Temps fort hebdomadaire ou grève reconductible ?
Les professions les plus combatives du pays se situent dans l'éducation nationale et les transports. Présomptueux, le gouvernement les a affrontés simultanément, avec des mesures particulièrement régressives. Mais la convergence entre grévistes s’est accompagnée d’une désynchronisation. En effet, les enseignants privilégient traditionnellement des actions courtes. Leur grève permet d’abord d’interpeller l’opinion et ne peut bloquer la production. Les mouvements enseignants alternent des mois durant temps forts et actions de sensibilisation, des médias et des usagers notamment. En revanche, les salariés des transports pratiquent la grève reconductible couplée à des assemblées générales.
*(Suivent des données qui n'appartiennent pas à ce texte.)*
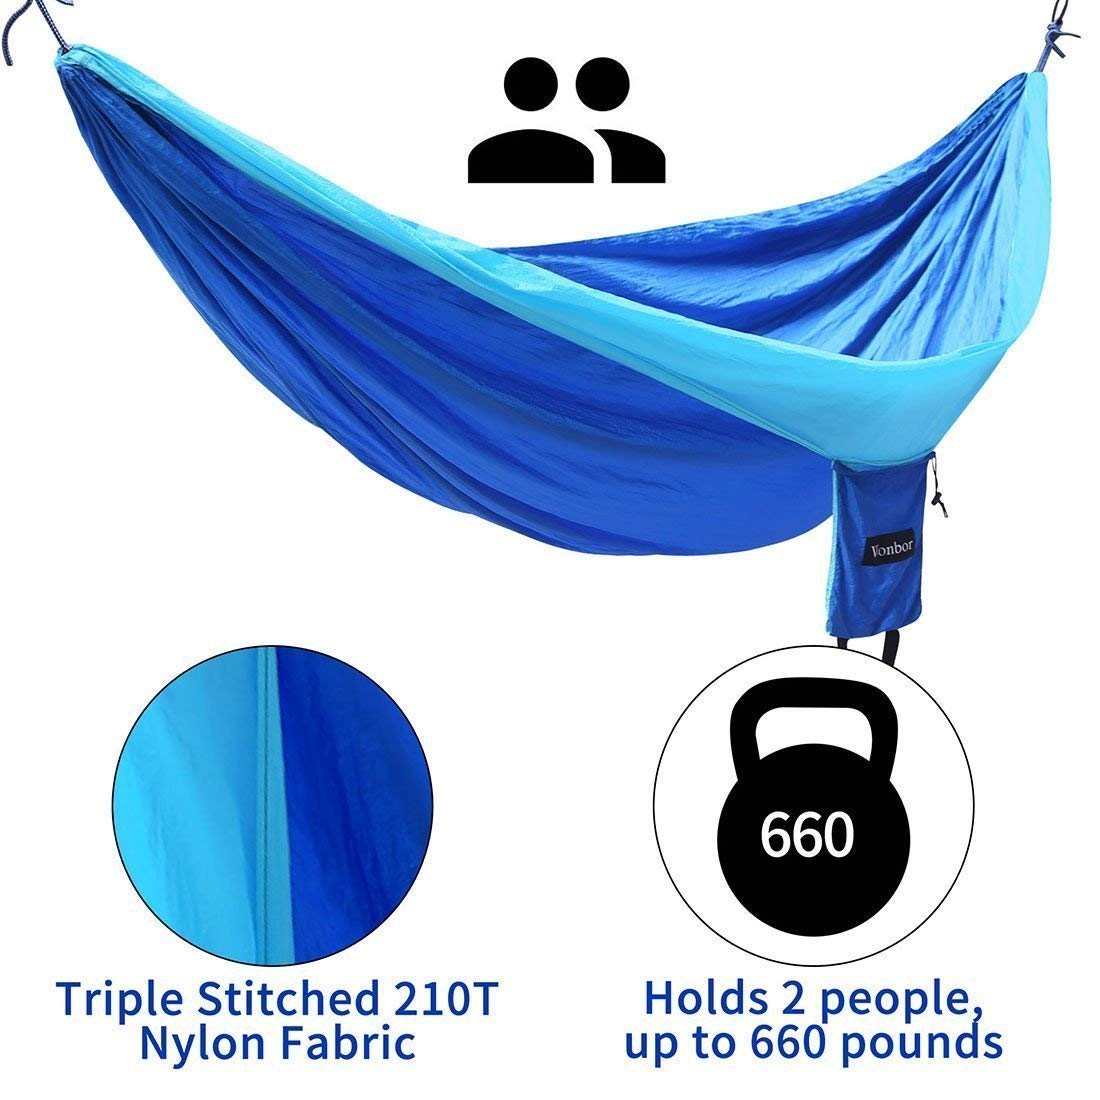 Cama de Rede em Nylon para Camping / Acampamento (Azul) - Multi4you®

Comme en 2003, des militants radicaux, qu’ils soient membres de la FSU ou appuyés par les confédérations combatives (CGT, FO et SUD) tentèrent de reproduire ce modèle plus intense parmi les enseignants. De nombreux enseignants combatifs se sont mobilisés durablement, souvent pour quelques jours. Les grèves reconduites leur ont permis de mobiliser les citoyens, de construire une dynamique en occupant l’espace local et médiatique (manifestations dans des centres commerciaux, occupations d’établissement, retraites aux flambeaux…). Cependant, la grève générale échoua dès le lendemain du 5 décembre. De même, l’absence de temps fort hebdomadaire, remplacé mi-janvier par trois jours consécutifs de mobilisation dont deux comprenant des grèves, fut désastreuse. On peut donc supposer que la mobilisation enseignante a été freinée, notamment celle des grévistes occasionnels qui ne se reconnaissent pas dans une forme de lutte ouvrière, jugée trop radicale. Ce débat n’a pu être résolu démocratiquement, car les assemblées générales réunissaient surtout les plus déterminés et il n’y a pas eu de forums sur internet.
Conclusion
Ce mouvement était donc profondément ambivalent : le 5 décembre 2019 va-t-il rester un coup de tonnerre isolé ? Les syndicats enseignants peuvent-ils le reproduire avec une préparation minutieuse et unitaire ? Mobiliser durablement les grévistes occasionnels n’est pas évident : ceux qui refusent de s’engager dans les grèves ne participent guère plus aux actions alternatives (manifestation le samedi par exemple). Cependant, si le discours fataliste légitime leur absence d’investissement, il témoigne aussi d’une recherche de sens. Les enseignants français regrettent le manque d’efficacité actuel de la lutte, ils ne la rejettent pas en soi. La séquence actuelle est donc porteuse d’espoir et de réflexion pour le syndicalisme enseignant, à condition de renouer avec sa culture propre.